Justice Uche Agomoh said in her judgement that Oni’s case “lacked merit” and dismissed it.
She disagreed with the claimants that Fayemi was ineligible to stand the election on the basis of his involvement by a judicial commission of inquiry and that as “a public servant,” he did not resign 30 days to election.
Despite finally belonging to the same party, from different parties initially, Segun Oni never really forgot that he won the Ekiti governorship election in 2007. Kayode Fayemi had approached the court that there were breaches in the obedience of party guidelines as regards the resignation from public office, 30 days before running for a party post. They say Fayemi did not comply.

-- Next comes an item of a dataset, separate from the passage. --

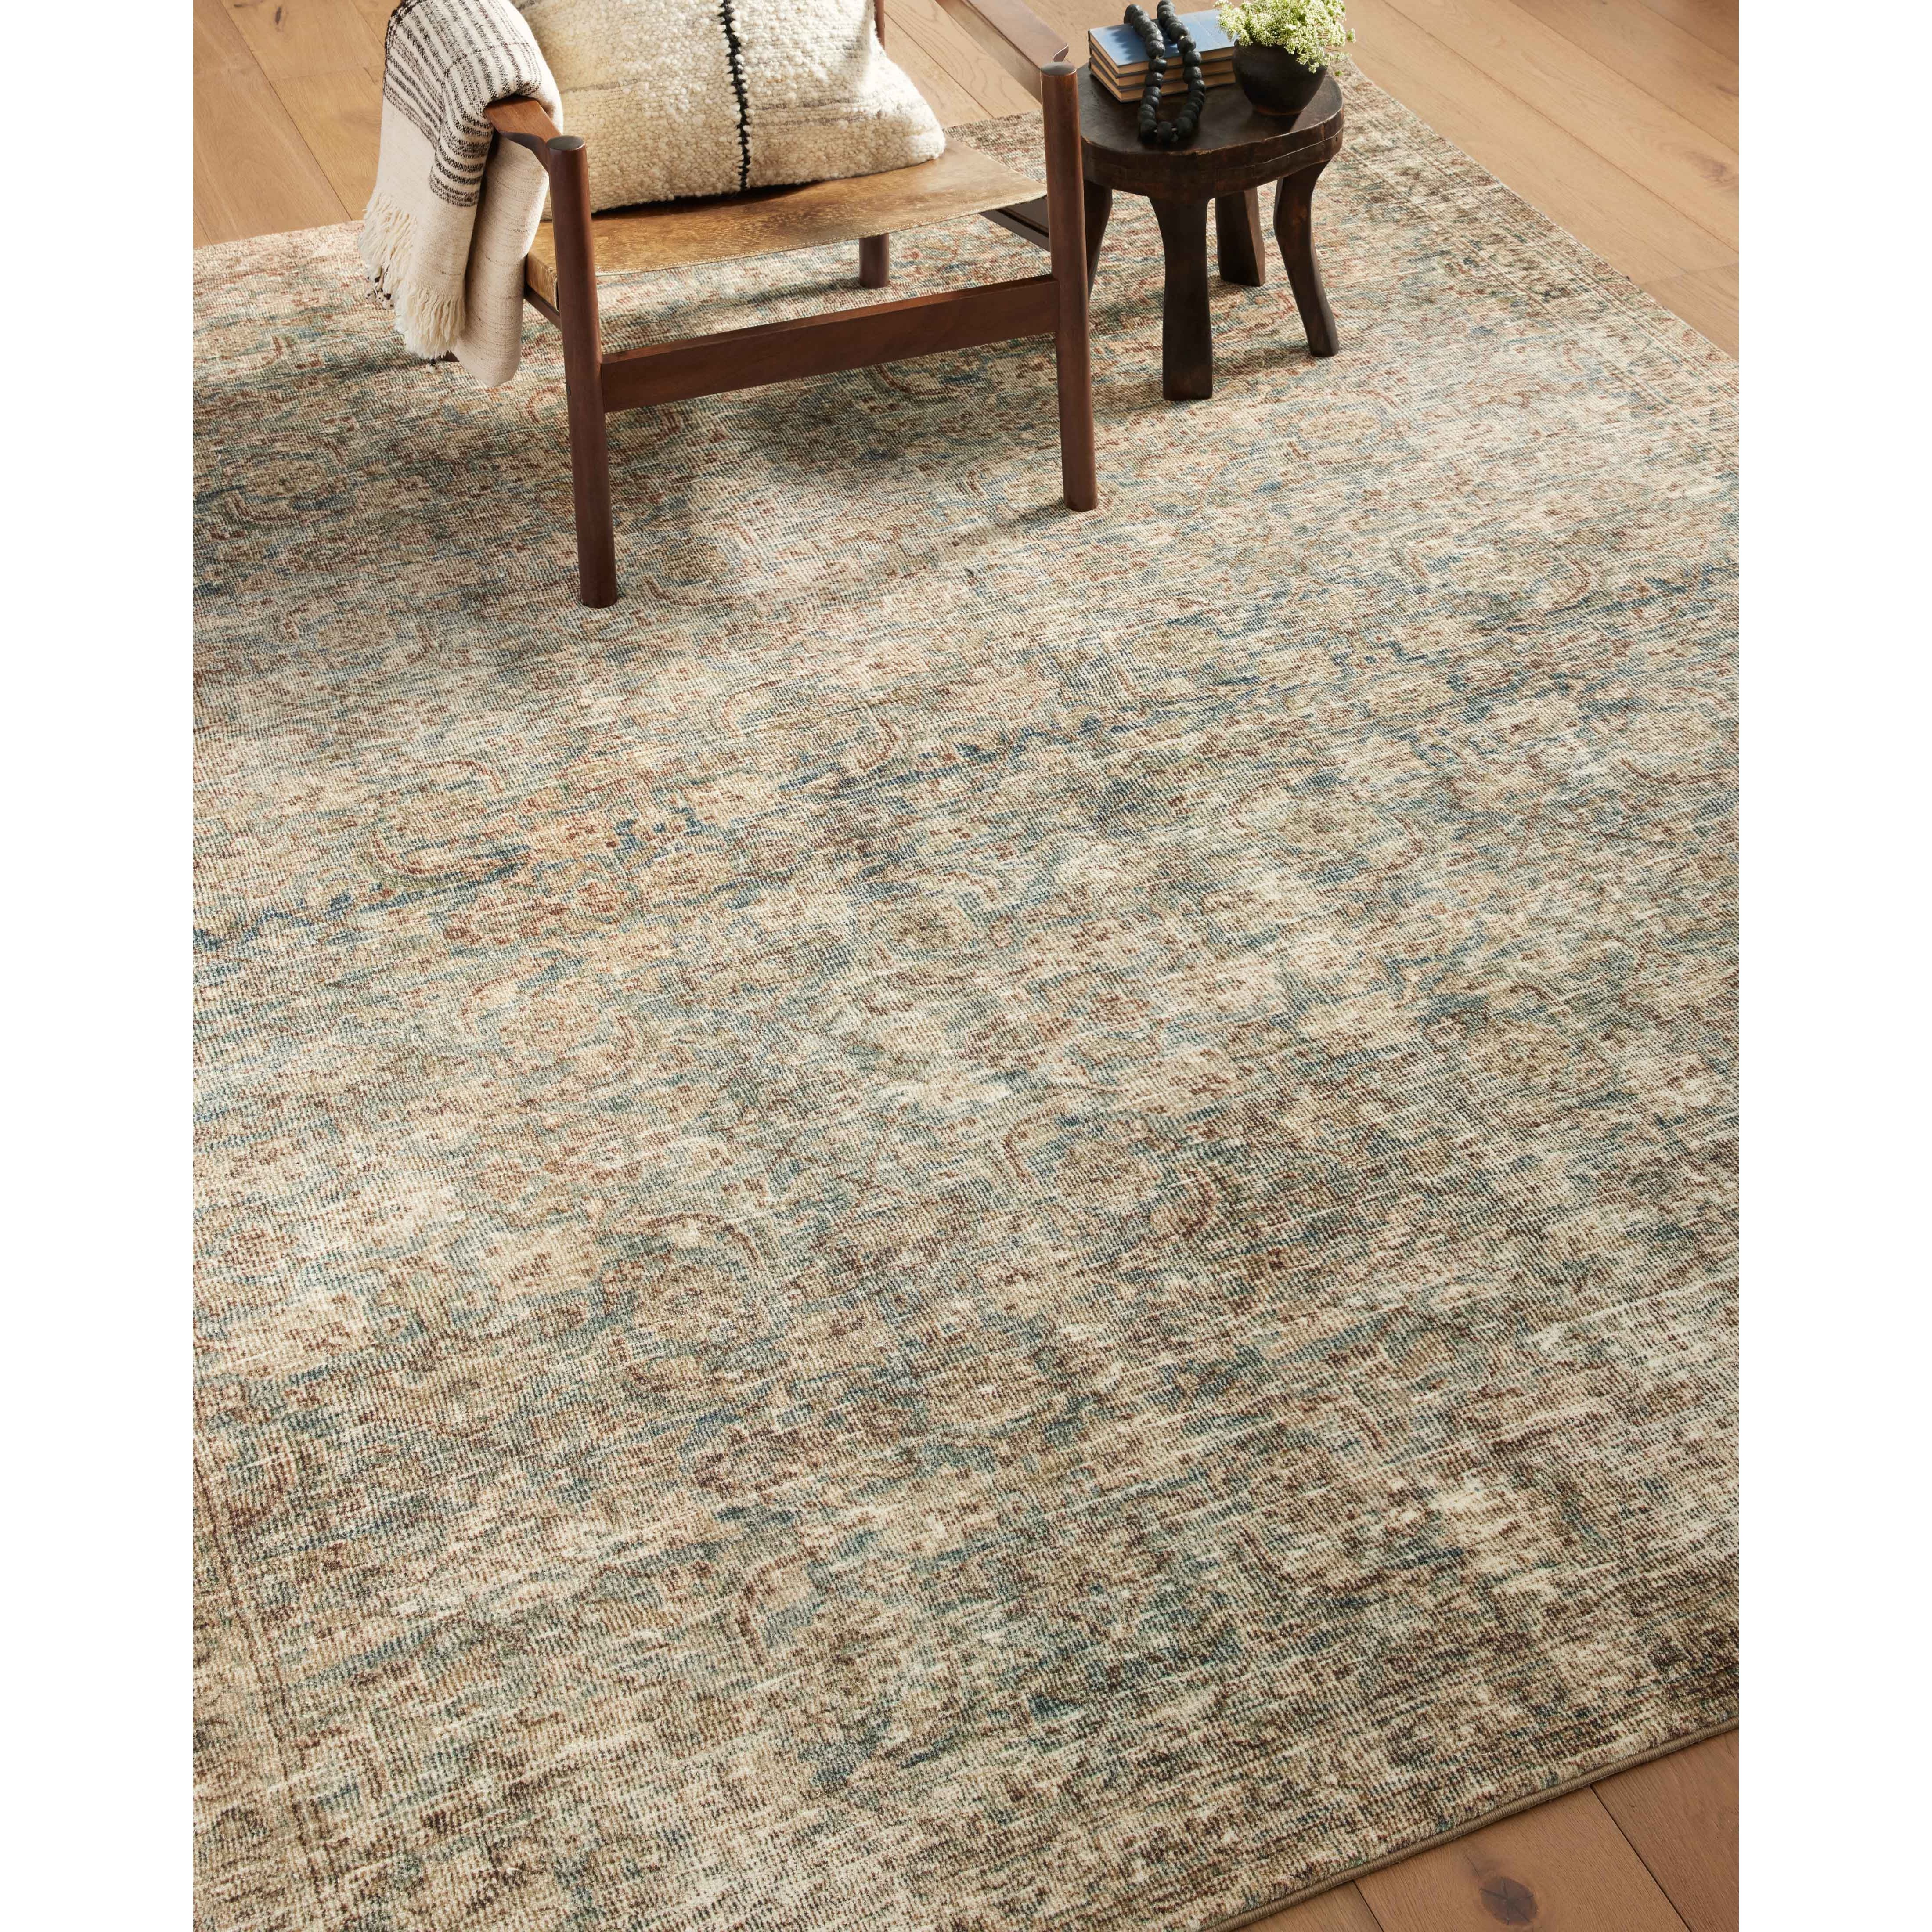 With the faded feel of an antique rug, the Amber Lewis x Loloi Morgan Sea / Sage Rug is a feat of modern printed construction. These impressive area rugs expertly blend sophisticated tones to recreate the dynamic colors of a vintage textiles. Power-loomed of CloudPile™ construction, these rugs are extra-soft to walk upon yet still durable for high-traffic rooms. Amethyst Home provides interior design services, furniture, rugs, and lighting in the Dallas metro area.

Segun Dipe, journalist and political analyst from Ado Ekiti had written that
“for Engineer Segun Oni to be crying foul at this point is to be violating a strong equity maxim, which forbids anyone coming to equity doing so with unclean hands. As far as elections are concerned in Ekiti, whether primary or general, history is unkind to Oni. He is a renowned power hijacker, having never won any election fair and square. Oni came third in the primaries within the PDP fold in 2007, yet was imposed on those who came first and second and was eventually declared the winner at the general election. But after three and a half years of legal tussle, the appeal court sitting in Kwara State declared Oni as a usurper and declared Fayemi as the duly elected Governor of Ekiti State on 15 October 2010, thus putting an end to Oni’s pyrrhic victory and the beginning of the October 16 swearing-in for emerging governors in Ekiti.

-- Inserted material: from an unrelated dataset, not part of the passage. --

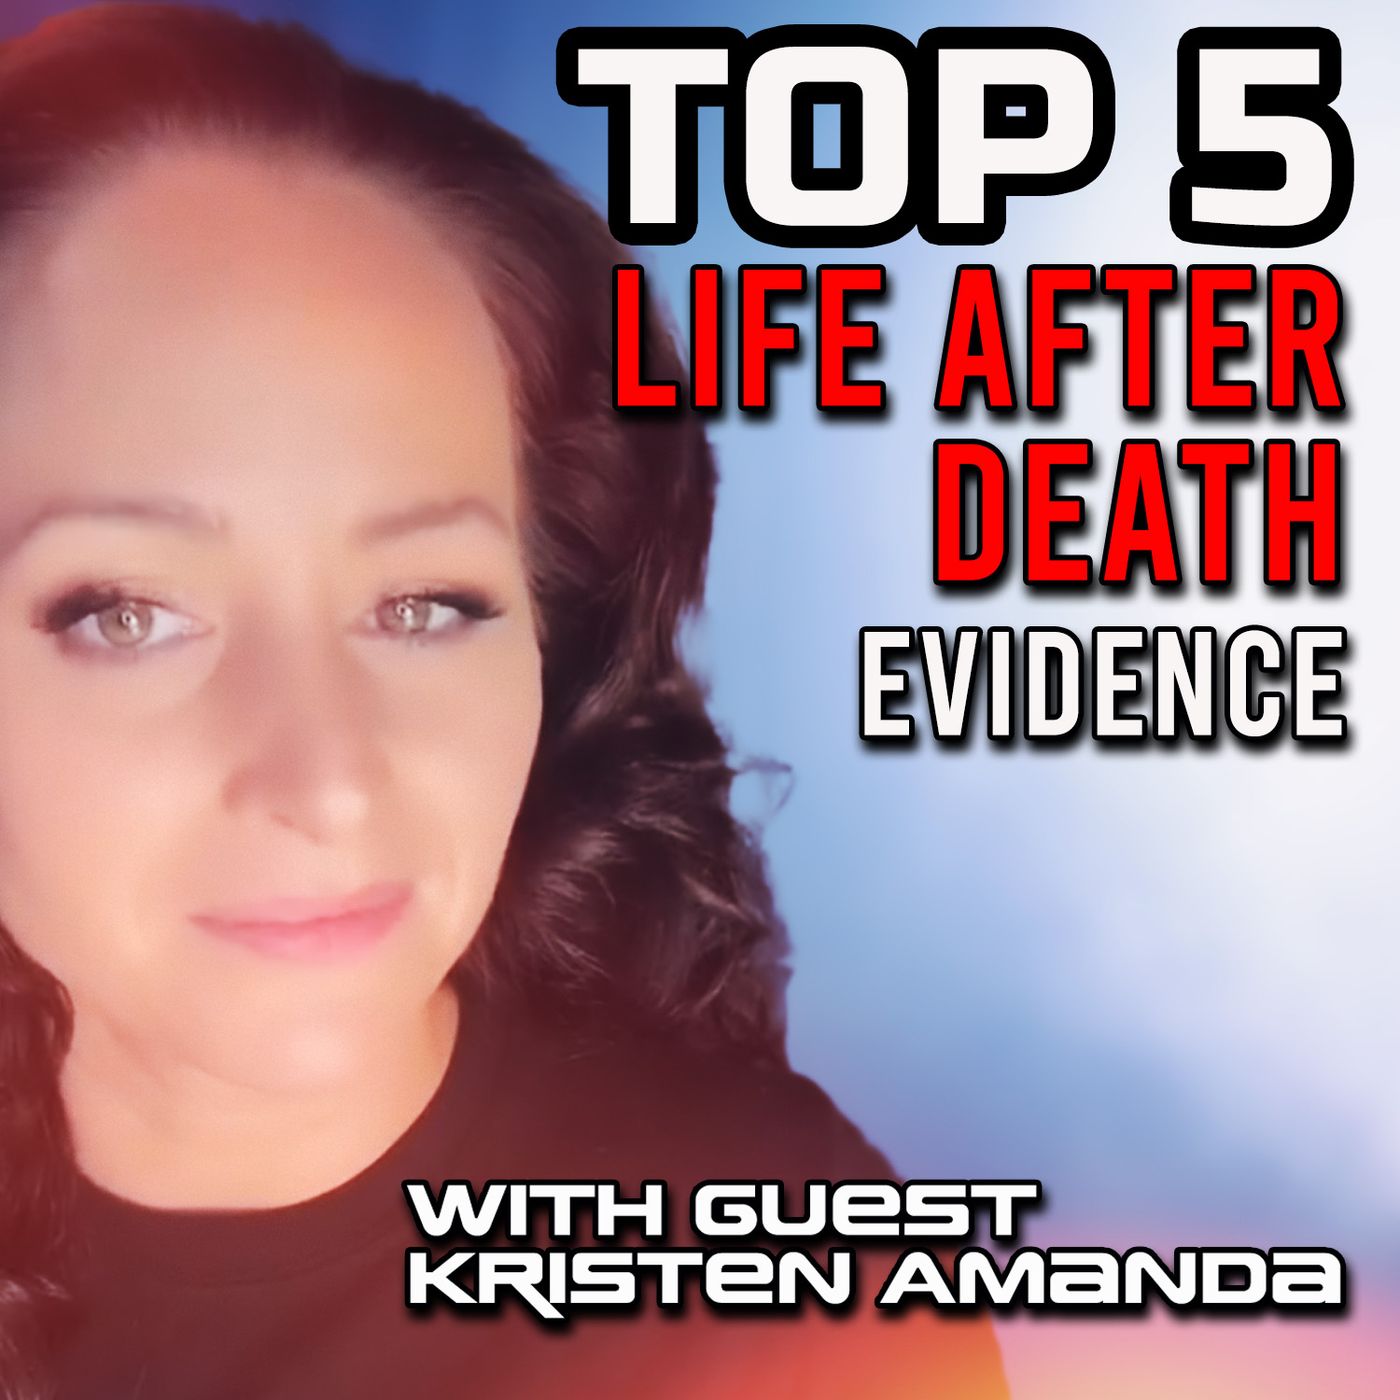 TOP 5 Evidence for Life After Death

Yet so far in Ekiti politics, Oni is the most favoured. He can be regarded in the Yoruba parlance as _*“O je n’igbo eegun, je n’igbo oro.”*_ Meaning one who has successfully oscillated between the two major political parties, PDP and APC, and getting the juiciest appointments for himself, at both the state and the national levels. Oni was a governor, Vice Chairman. South West of PDP, Deputy National Chairman South of APC and currently Chairman of the Nigerian Export Processing Zone. All these, he achieved without a clear victory at any election.
This certainly is not the kind of credential Oni would love to parade as a just fellow. Lest he fails to realise it, he has been carrying himself as someone not to be trusted with power in APC again, being a sworn ally of ex-President Olusegun Obasanjo. Not a few see Oni as guilty by association, believing that he definitely has one leg in APC and the other one outside of the party. It is in this light that anyone who argues that Oni is prosecuting his case against Fayemi with the best of intentions will be seen as an enemy of the party, APC, and the state, Ekiti.”
The next few days will determine whether Segun Oni would lick his wounds quietly, or proceed to the Court of Appeal to try and upturn this victory by Kayode Fayemi or simply let bygone by bygone.
Whichever ever way it goes, there’s another river for Fayemi to cross. There’s the bigger challenge by the People’s Democratic Party, PDP tribunal case against his victory to contend with. It will determine whether Fayemi will continue as the Ekiti State governor, or vacate the seat for Prof. Eleka, who was deputy governor to former governor Ayo Fayose. Ekiti State reputed to have one professor every square meter has always waited for the courts to give them a governor, at times, years after the election has been concluded.